Saturday, June 11, 2011

Today -100: June 11, 1911: Of duels, massacres, yeggmen, and answering machines


South Carolina Gov. Coleman Blease has been trying to have Atlanta lawyer Thomas Felder indicted for bribery (the governor of Georgia will later refuse to extradite Felder, saying there is no evidence against him). Felder says Blease is coming after him to cover up having taken bribes from liquor houses when he was a state senator, and has challenged Blease to either bring a libel suit against him or challenge him to a duel. Whichever. However, Blease “is forbidden by his oath of office to participate in duels” (literally??) so a W.P. Beard, who seems to be just an ordinary citizen, has offered to duel in the governor’s place.
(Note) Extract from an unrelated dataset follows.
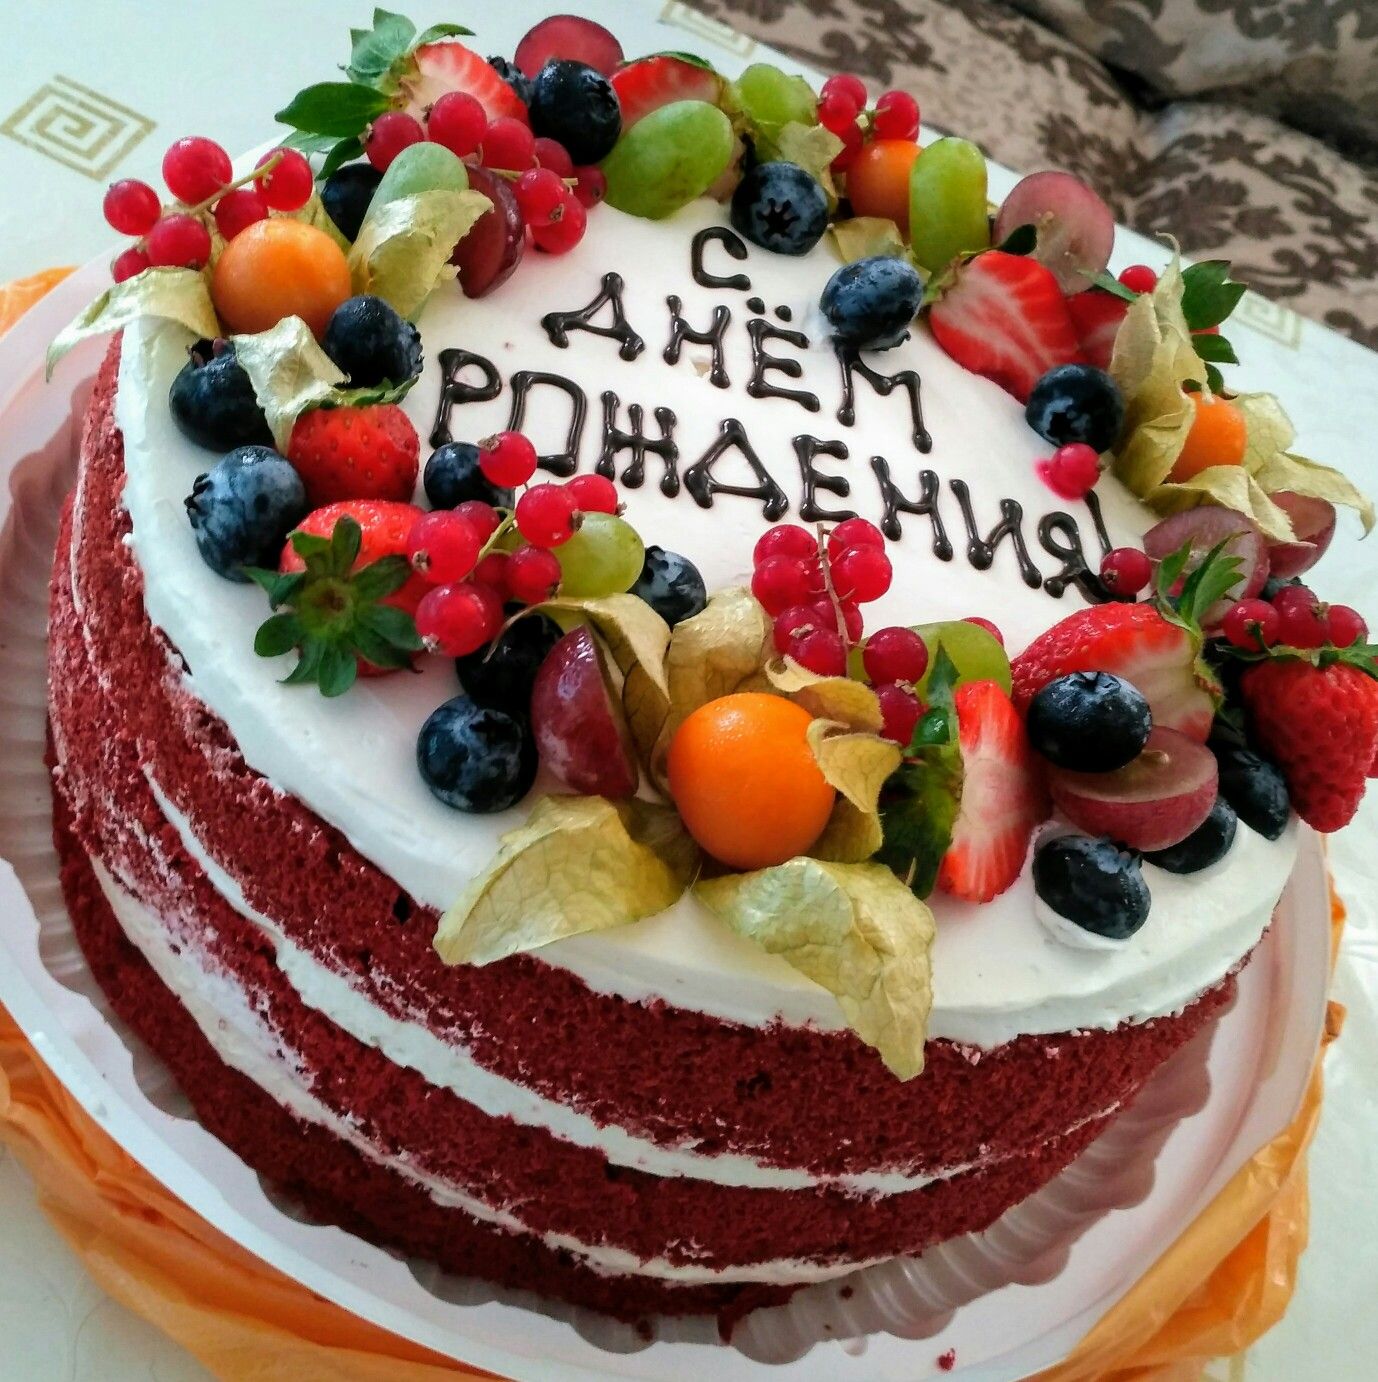 Красивые тортики на день рождения

Towards the end of the Mexican Revolution, there was a massacre of 300 or so Chinese in Torreon. The story going around is that after the rebels took the town, they looted a courtroom, taking some bottles of cognac which were actually evidence from a trial some years before for an attempted mass poisoning at a banquet. They took the bottles to a Chinese restaurant, drank them, and... you get the idea.

Your archaic vocabulary word of the day: yeggman, as in the NYT headline “Yeggmen Blow Up a Town.” Safecrackers – yeggmen – dynamited a post office safe in French Creek, West Virginia, starting a fire that burned down most of the town (which had no fire dept). The yeggmen – I really like that word – got away with about $600 in cash and stamps.

Some French guys have invented the telephone answering machine, a device to record voice messages on phonograph records. Previously, it was only possible to record voices directly, not over phone wires.